Page MenuHomePhabricator

Investigate performance degradation at high concurrencies in php-fpm
Open, HighPublic

Description

It is known, and proved, that at high concurrencies, php-fpm's performance degrades exponentially even we have more available workers and host resources. We have been suspecting that APCu locking could be the culprit.

If it is so, and the issue remains in later versions, our goal is to make better use of onhost memcached by storing objects we were normally storing in apcu until now.

Event Timeline

I have some scripts in my home dir on mwdebug1001.eqiad.wmnet ([..] apcu_rw_test.php).

aaron raised the priority of this task from Low to High.Jan 7 2022, 1:43 AM

Using https://gist.github.com/AaronSchulz/28a2cc7701a33adca1479b5ff6530b2c and ab , apcu perfomance degradation was tested in a number of scenarios on a depooled host. When doing high writes to a set keys of random sizes (128 bytes to 1MB), the global write locks slow down even simple read-only requests (e.g. apcu_fetch). Inducing memory fragmentation (reported by apc.php) only makes it worse. Another antipattern is quickly filling up the cache up with an overly large working-set and causing resets, which creates an endless cycle of sets and cache flushes, with reads being slow.

Similarly, I can produce 10x to 100x slow downs locally (36 fpm workers, ab concurrency of 36, CPU with 36 logical processors).
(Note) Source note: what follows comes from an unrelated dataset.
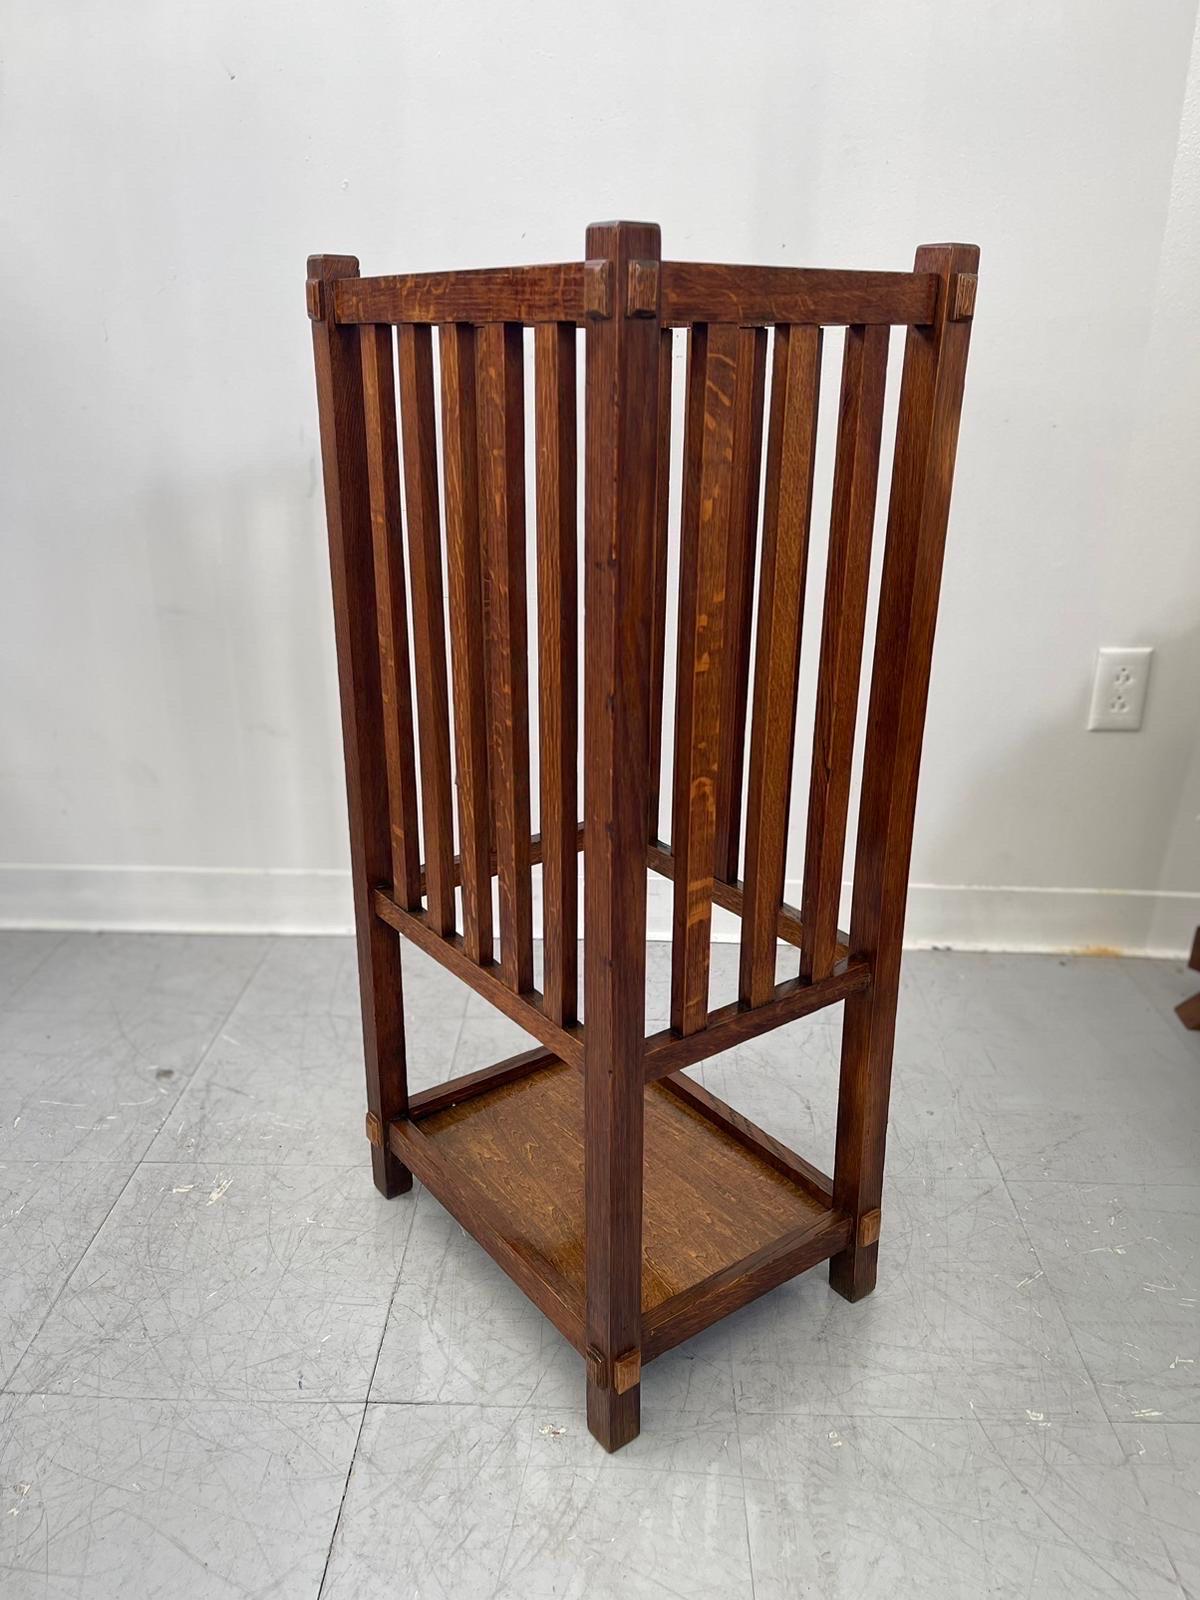 Vintage Wooden Umbrella Stand, No Makers Mark. Possibly Circa 1970. Vintage Condition Consistent with Age as Pictured.

Dimensions. 16 W ; 12 D ; 35 H

The only mitigation I see is:

  • Avoid the use of key classes with high cardinality and large values
  • Minimize the use of key classes with large values and high write rates
  • Tweak the write rate of loadbalancer lag state keys
  • Use a deferred updates with a mutex to prune expired entries
  • Experiment with low values of apc.ttl (this can make it worse in some cases)
  • The splitting of worker count across machines lowers global lock contention helps (hence, why the k8 pod setup performed better)